While this may seem fairly straightforward, there are certainly some difficulties in applying the Windsor decision to state and federal employment laws. The Windsor decision did not invalidate the provision of DOMA that allows a state that does not recognize same-sex marriage to refuse to recognize a same-sex marriage lawfully obtained in another state.

With respect to federal laws, each federal agency has been tasked with determining the appropriate state’s laws to follow to determine whether or not a couple is married. For example, for purposes of the Family and Medical Leave Act, the US Department of Labor looks to the state of residence. However, for purposes of ERISA, it looks to the state of celebration. Employment practitioners need to be cautious and understand the effect of Windsor on employment benefits before providing advice to employers and employees alike.
Sebelius v. Hobby Lobby Stores Inc. and Conestoga Wood Specialties Corp. v. Sebelius
The Court recently heard oral arguments on two cases challenging the Affordable Care Act (ACA) on religious grounds. Hobby Lobby is owned by Evangelical Christians and Conestoga Wood Specialties by devout Mennonites. In both cases, the companies argue that the ACA’s mandate requiring group health plans to cover contraceptives violates the companies’ religious rights based on the views of their respective owners.

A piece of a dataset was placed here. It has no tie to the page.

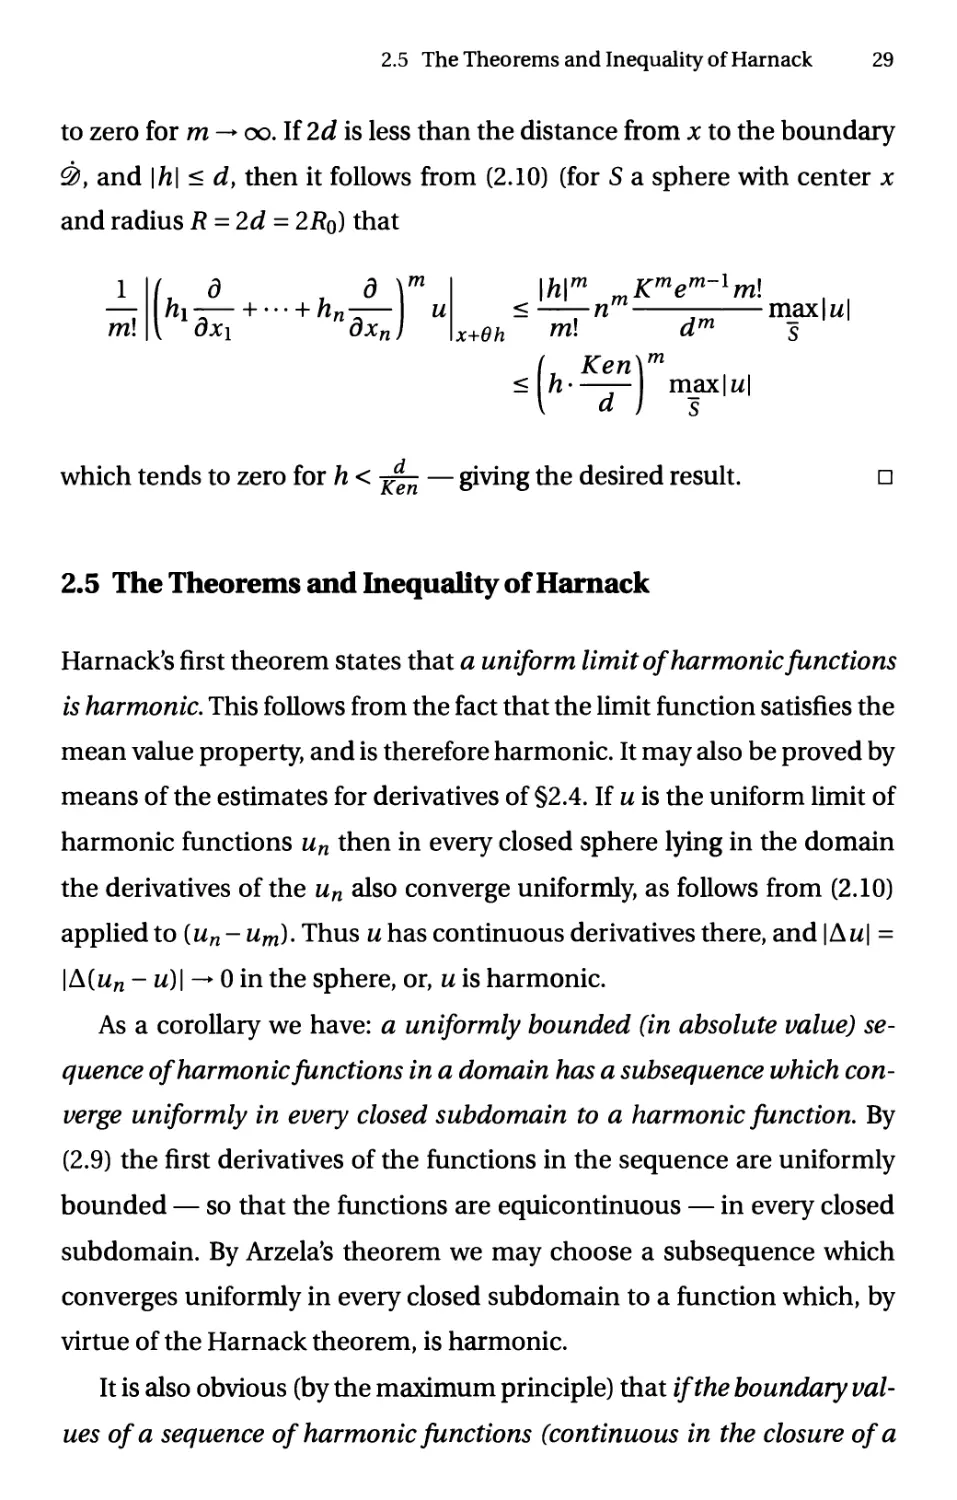 2.5 The Theorems and Inequality of Harnack

The Hobby Lobby case will address whether a corporation is a “person” under the Religious Freedom Restoration Act (RFRA) while Conestoga focuses on whether a business can exercise rights under the First Amendment based on the religious beliefs of its owners. These decisions will certainly impact the implementation of the ACA. Should the Court find in favor of either Hobby Lobby or Conestoga, the decision would essentially create a religious exemption for non-religious institutions.
US v. Quality Stores Inc.
In January 2014, the Court heard oral arguments in Quality Stores, a case where it is tasked with determining whether severance payments made to involuntarily terminated employees are taxable as “wages” under the Federal Insurance Contributions Act (FICA).

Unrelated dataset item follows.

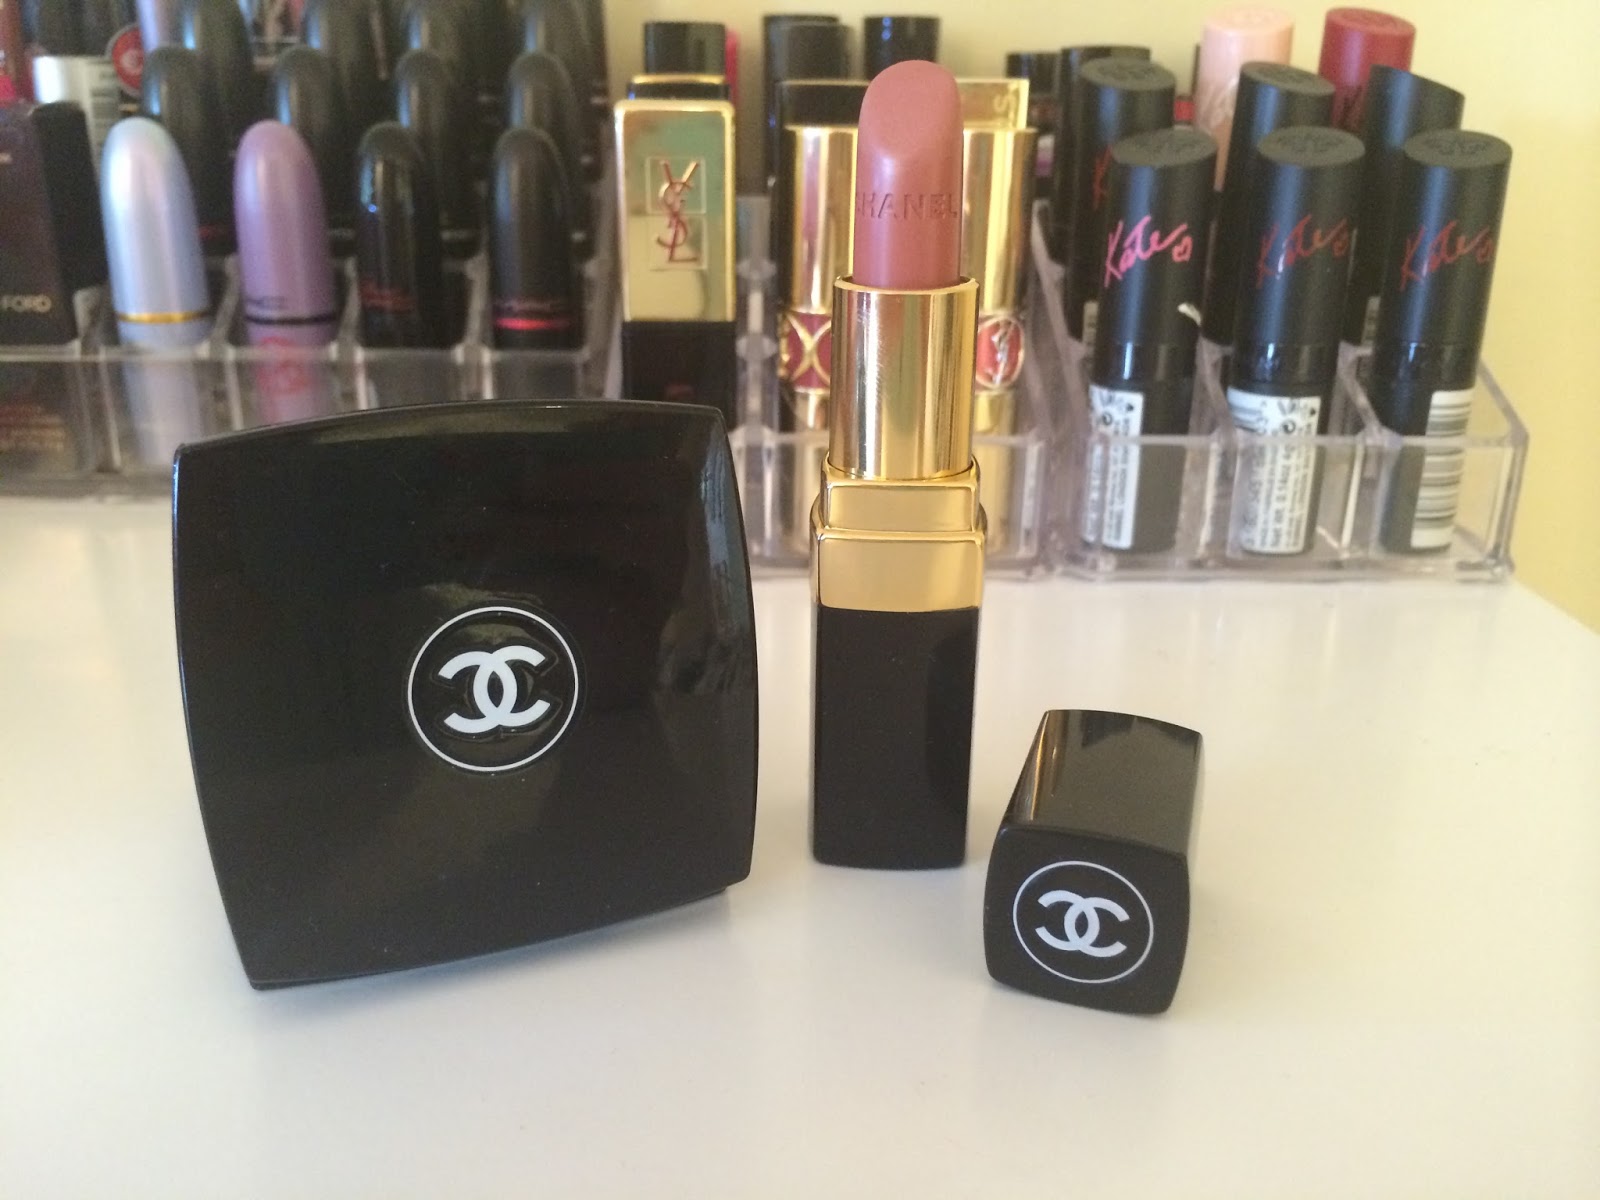 New Chanel Rouge Coco Lipstick Swatches & Review: Louise, Adrienne

In 2001, Quality Stores filed for bankruptcy and offered its employees severance packages. The payments were identified in the severance agreements as related to an involuntary termination, not tied to state unemployment compensation, and not attributable to any services provided. Quality Stores initially remitted $1 million in tax payments to the IRS, but later sought a refund. The IRS declined and litigation followed.

The dispute between the parties is based on very detailed and specific statutory interpretation of FICA and the Internal Revenue Code. The outcome however is a big deal to the IRS. If the Court does not find in its favor, the IRS will owe more than $1 billion to employers.